Площадь была полна людей. Посередине, на возвышении, играл оркестр. Музыканты были в красных одеждах с золотом. Звуки, сдавленные стенами уютной площади, рождались слишком громкими. Но они шли вверх и, вырвавшись на волю, улетали под самое небо, чистые и нежные. Когда замолкал оркестр – слышался говор, шелест людских шагов и живое трепетанье и свист голубиных крыльев в остывающем воздухе.
Из кафе вынесли столики. Их желтоватые ряды тянулись почти по всей правой стороне площади. Сильно пахло фиалками, темные пучки которых продавали надоедливые и некрасивые женщины. Площадь походила на большую, бальную залу, только более прекрасную, чем всякая бальная зала, потому что над нею вместо потолка были небеса.

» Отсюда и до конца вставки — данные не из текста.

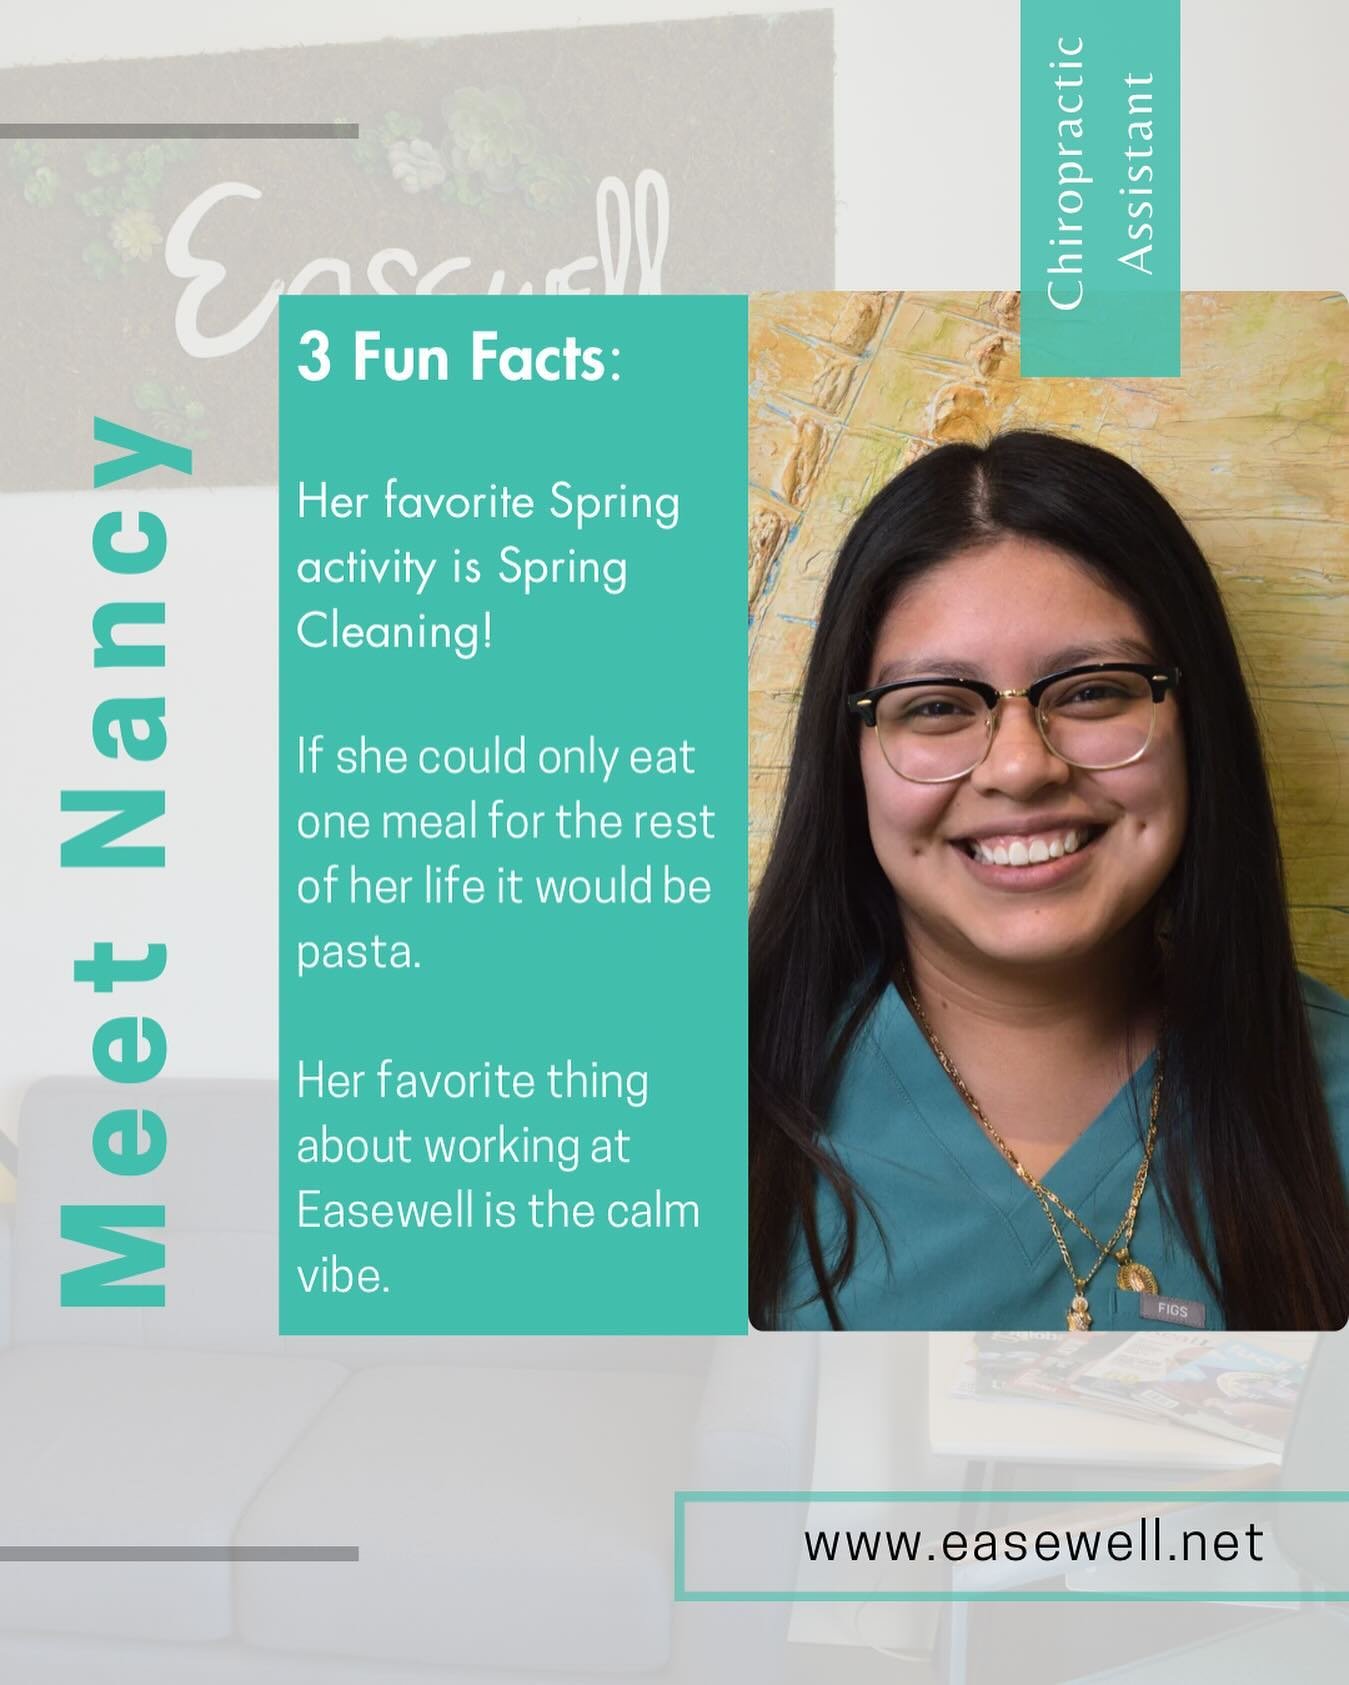 🌟 Meet Nancy - One of the smiling faces greeting patients at Easewell! 🌿  With a passion for wellness and a genuine care for each patient&rsquo;s experience, Nancy is here to ensure every visit is seamless and supportive. 

👉 Want to learn more ab

За одним из столиков, перед неуклюжим чайным прибором, сидел Степан Маркович Вальцев. Он сел спиною к собору, к Пьяцетте и к уже тающим солнечным лучам. Так ему лучше была видна направо белая черта молодого месяца. И он поднимал глаза постоянно, стараясь уловить первый блеск нежного серпа.
Вальцев был еще далеко не старый человек – лет тридцати пяти-шести. Но в волосах его, волнистых, мягких и легких даже на взгляд, – сильно проглядывала седина. Он снял шляпу и провел по лбу рукой с очень длинными, худыми пальцами. Сам он весь казался слишком худым, почти костлявым, при высоком росте. Он слегка горбился в плечах, и серая одежда его, удобно и хорошо сшитая, висела на нем чересчур свободно.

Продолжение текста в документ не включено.